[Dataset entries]

-=-=-

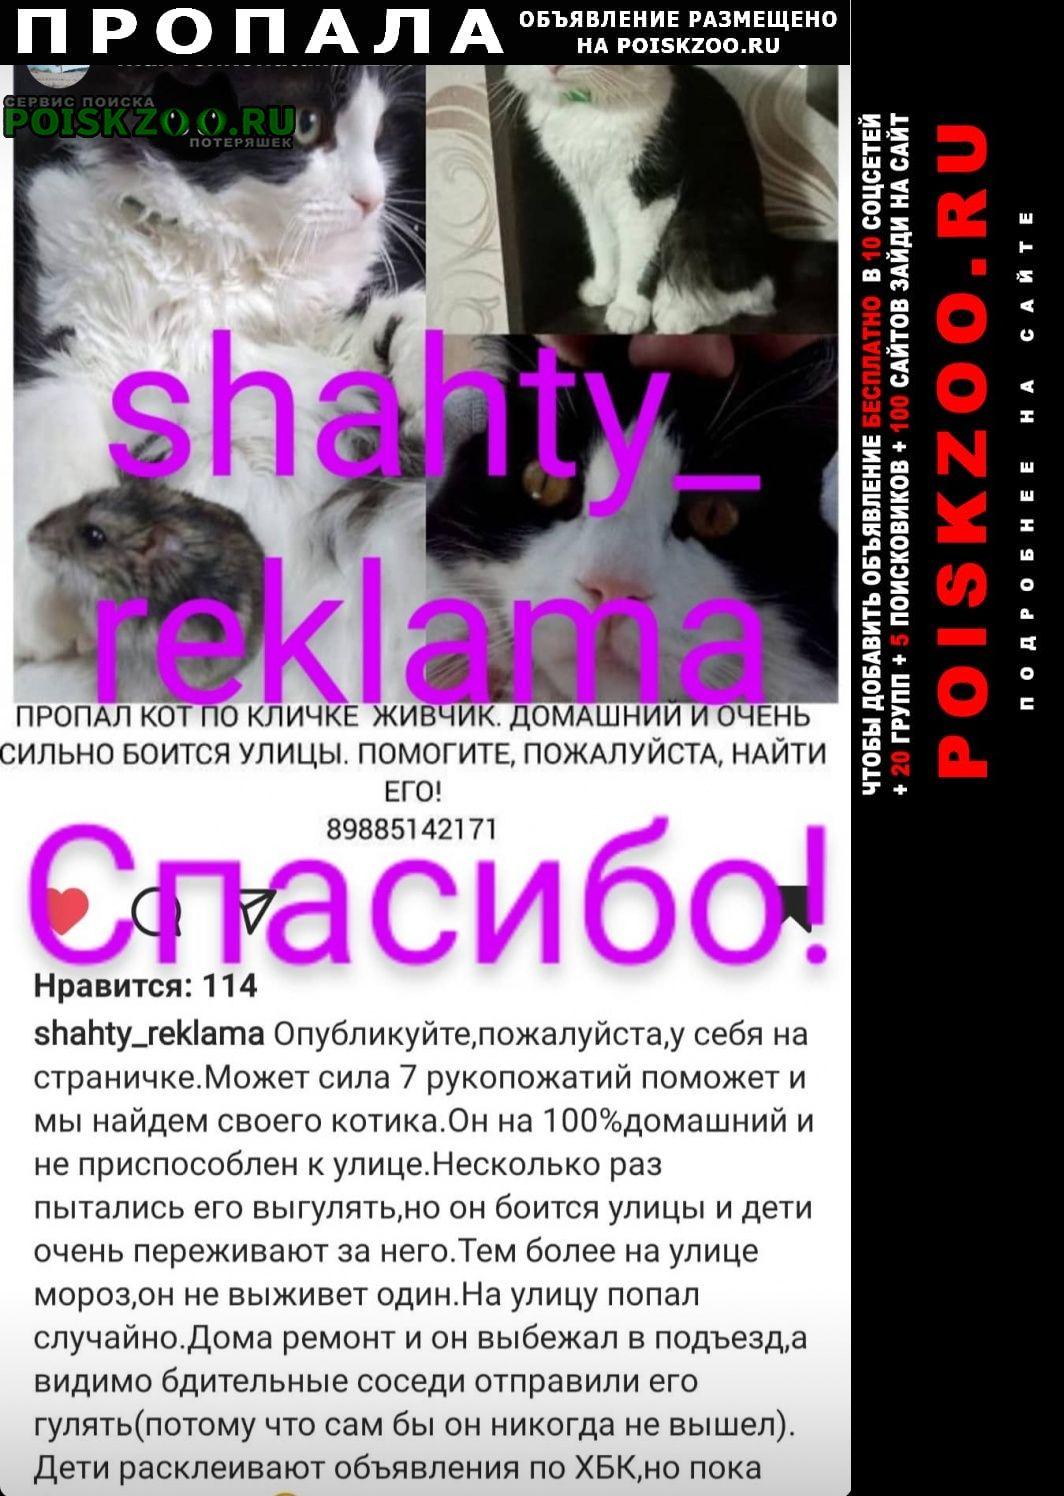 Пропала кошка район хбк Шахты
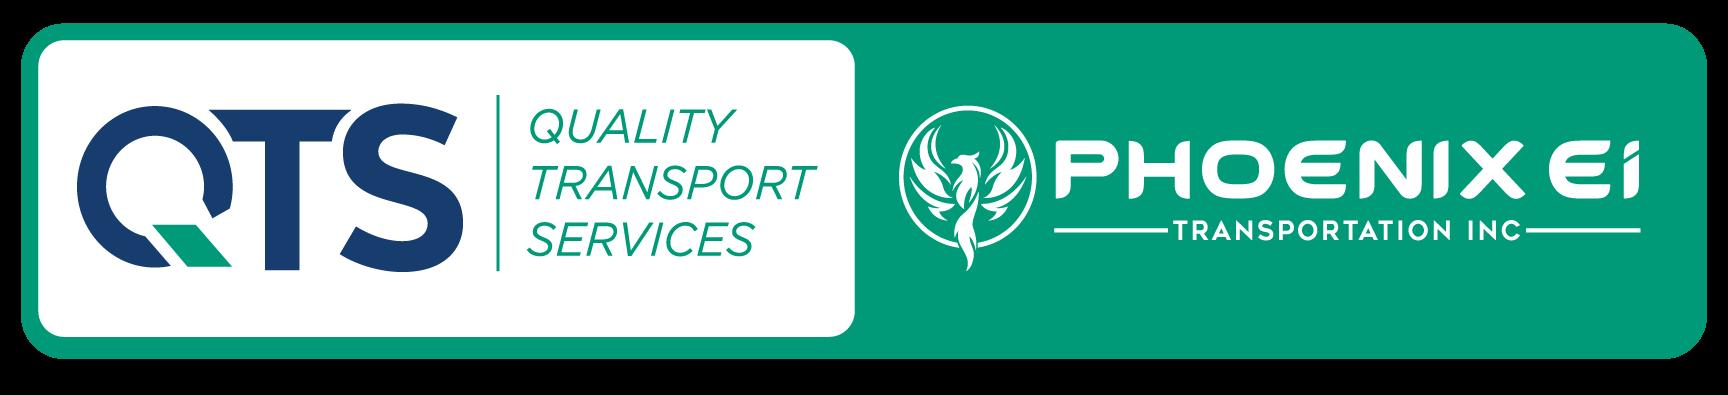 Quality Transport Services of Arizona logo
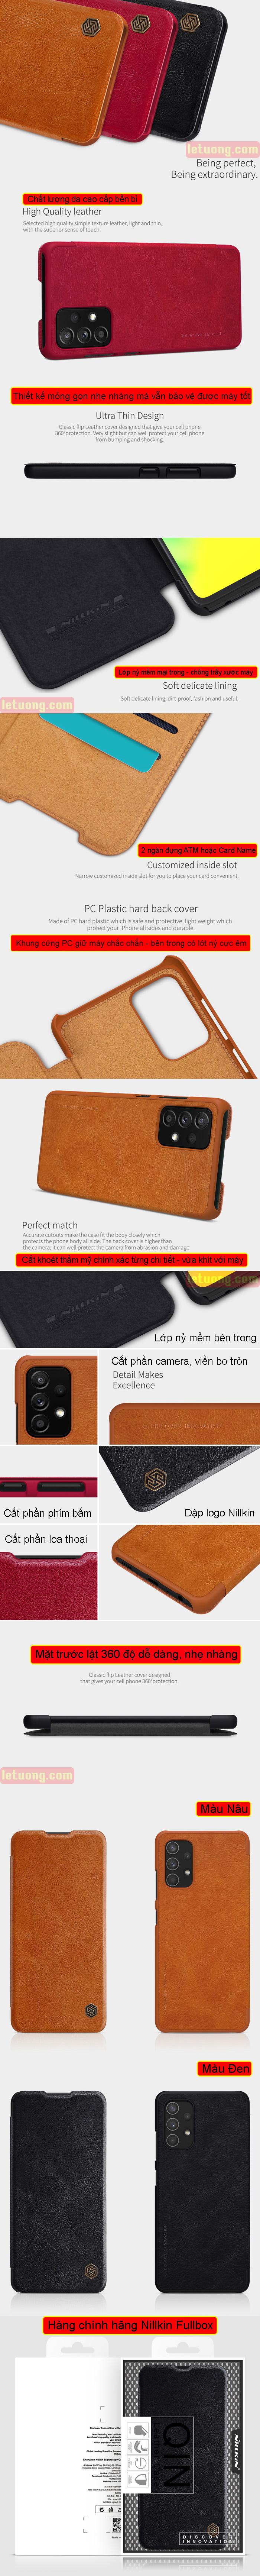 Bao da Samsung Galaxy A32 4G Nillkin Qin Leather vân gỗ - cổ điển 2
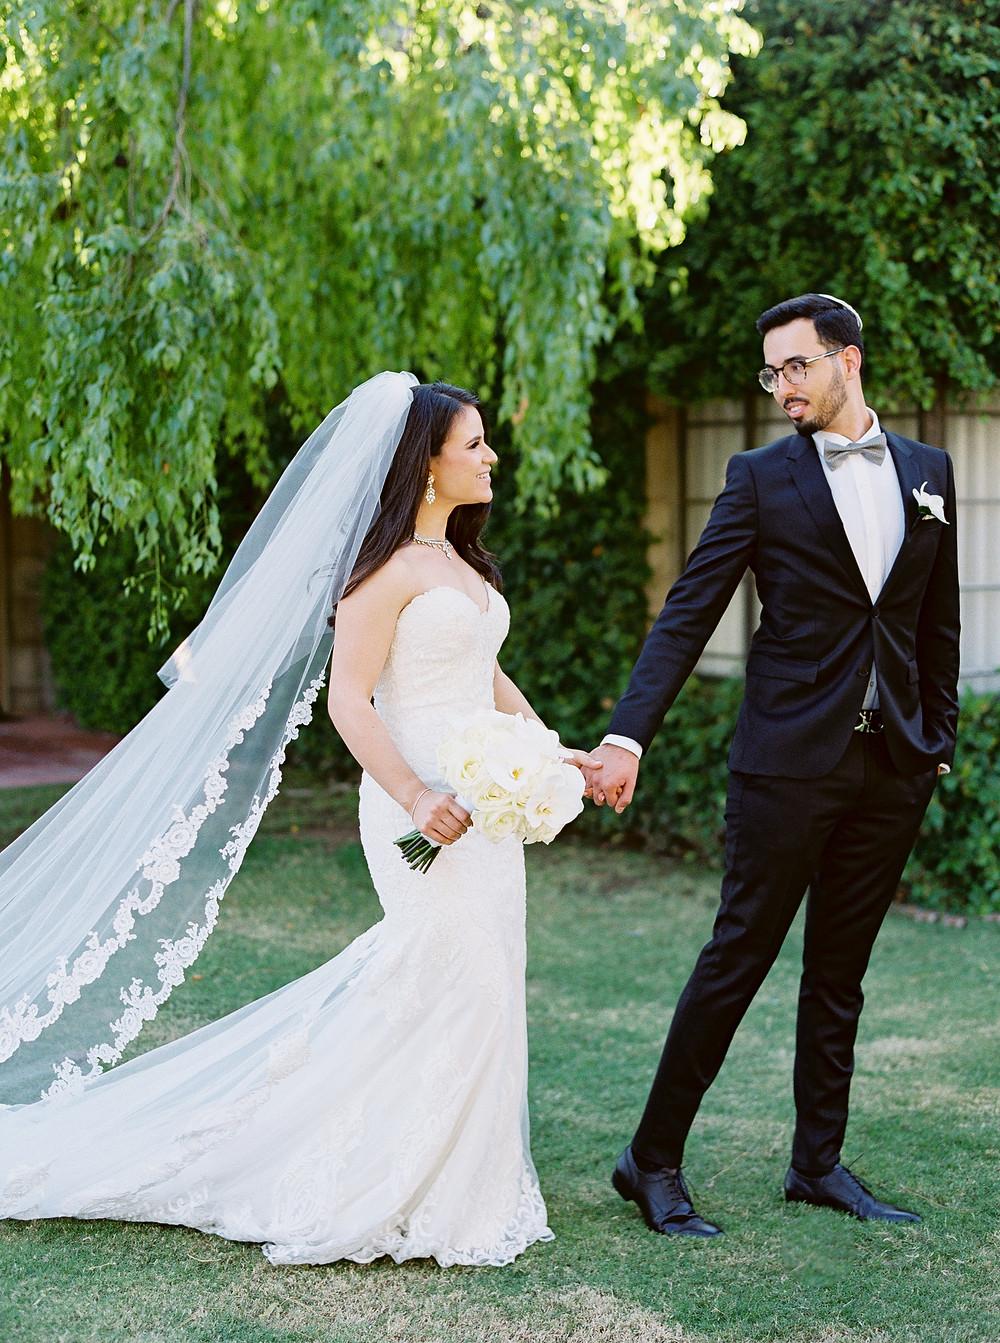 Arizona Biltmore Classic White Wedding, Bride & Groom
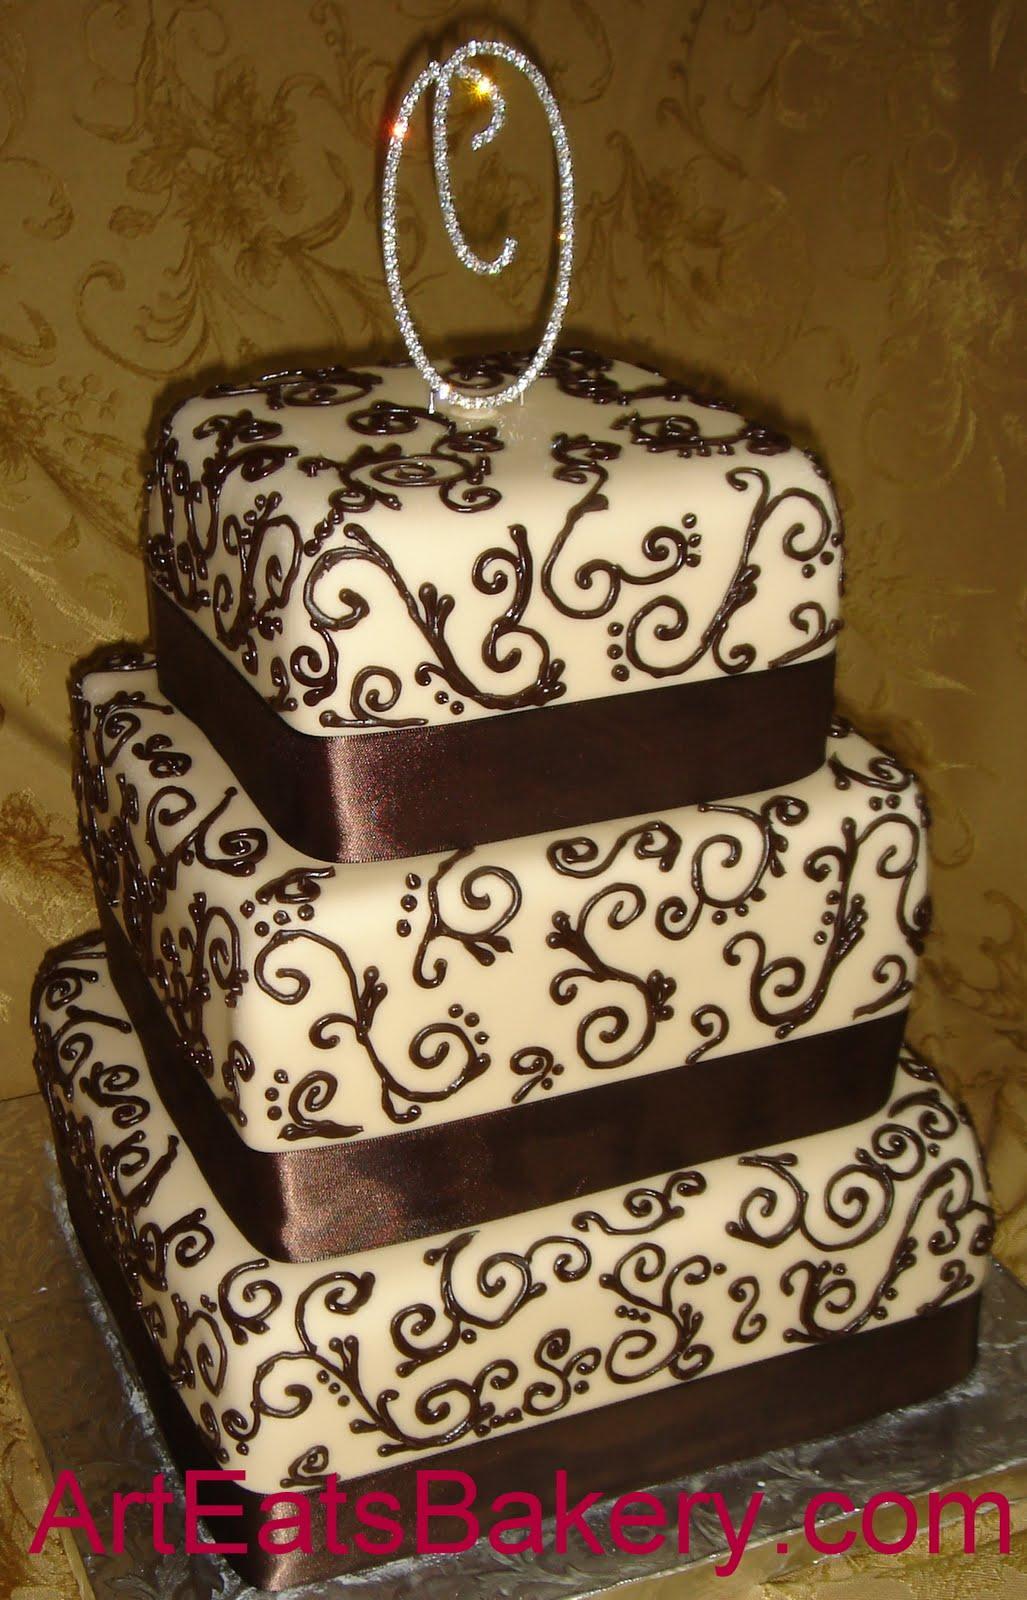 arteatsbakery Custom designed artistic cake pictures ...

-=-=-

■ Assigned task ■
Leave the images behind and write out every entry exactly.

■ Output ■
 Пропала кошка район хбк Шахты
 Quality Transport Services of Arizona logo
 Bao da Samsung Galaxy A32 4G Nillkin Qin Leather vân gỗ - cổ điển 2
 Arizona Biltmore Classic White Wedding, Bride & Groom
 arteatsbakery Custom designed artistic cake pictures ...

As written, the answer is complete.